Il leva son verre en l'honneur de la France, « qui avait maintenant des chefs
résolus, intraitables, et qu'il souhaitait grande et puissante parce qu'il fallait à la Russie un
allié grand et puissant. » Enfin, il but à. a Pologne, bien qu'il n'y eût aucun Polonais
présent et comme s'il tenait à me prendre à témoin de ses intentions. « Les tsars, dit-il,
faisaient une mauvaise politique en voulant dominer les autres peuples slaves. Nous avons,
nous, une politique nouvelle. Que les Slaves soient, partout, indépendants et libres ! C'est
ainsi qu'ils seront nos amis. Vive la Pologne, forte, indépendante, démocratique ! Vive
l'amitié de la France, de la Pologne et de la Russie ! » Il me regardait : « Qu'en pense
M. de Gaulle? » En écoutant Staline, je mesurais l'abîme qui, pour le monde soviétique,
sépare les paroles et les actes. Je ripostai : « Je suis d'accord avec ce que M. Staline a dit
de la Pologne ». et soulignai : « Oui, d'accord avec ce qu'il a dit. »
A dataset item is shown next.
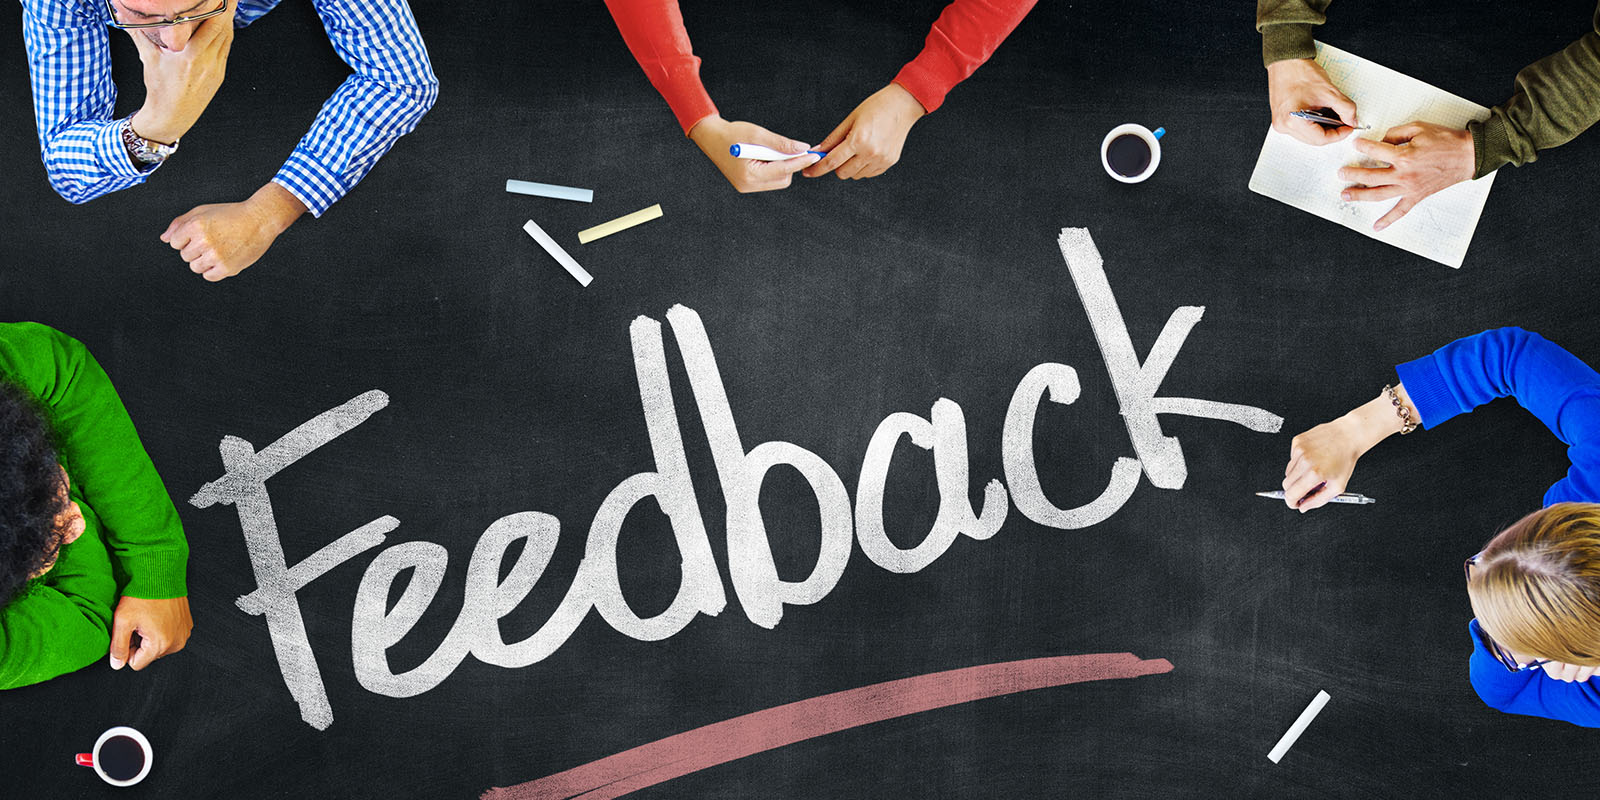 Education feedback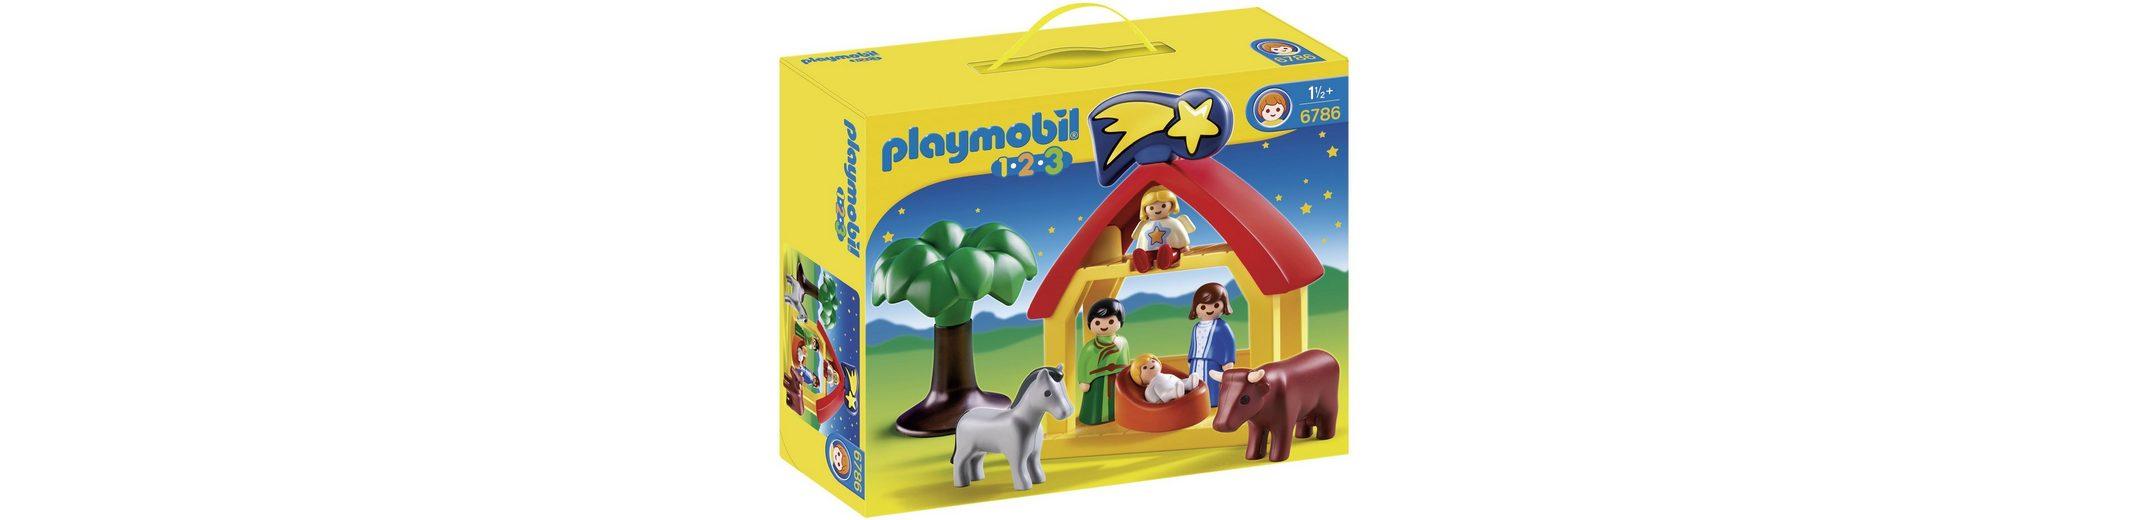 Playmobil® Weihnachtskrippe (6786), Playmobil 1-2-3

Les adieux prirent, de son fait, une allure d'effusion. « Comptez sur moi ! »
déclara-t-il. « Si vous, si la France, avez besoin de nous, nous partagerons avec vous
jusqu'à notre dernière soupe. » Soudain, avisant près de lui Podzerov, l'interprète russe qui
avait assisté à tous les entretiens et traduit tous les propos, le maréchal lui dit, l'air
sombre, la voix dure : « Tu en sais trop long, toi ! J'ai bien envie de t'envoyer en Sibérie.
» Avec les miens, je quittai la pièce. Me retournant sur le seuil, j'aperçus Staline assis,
seul, à table. Il s'était remis à manger.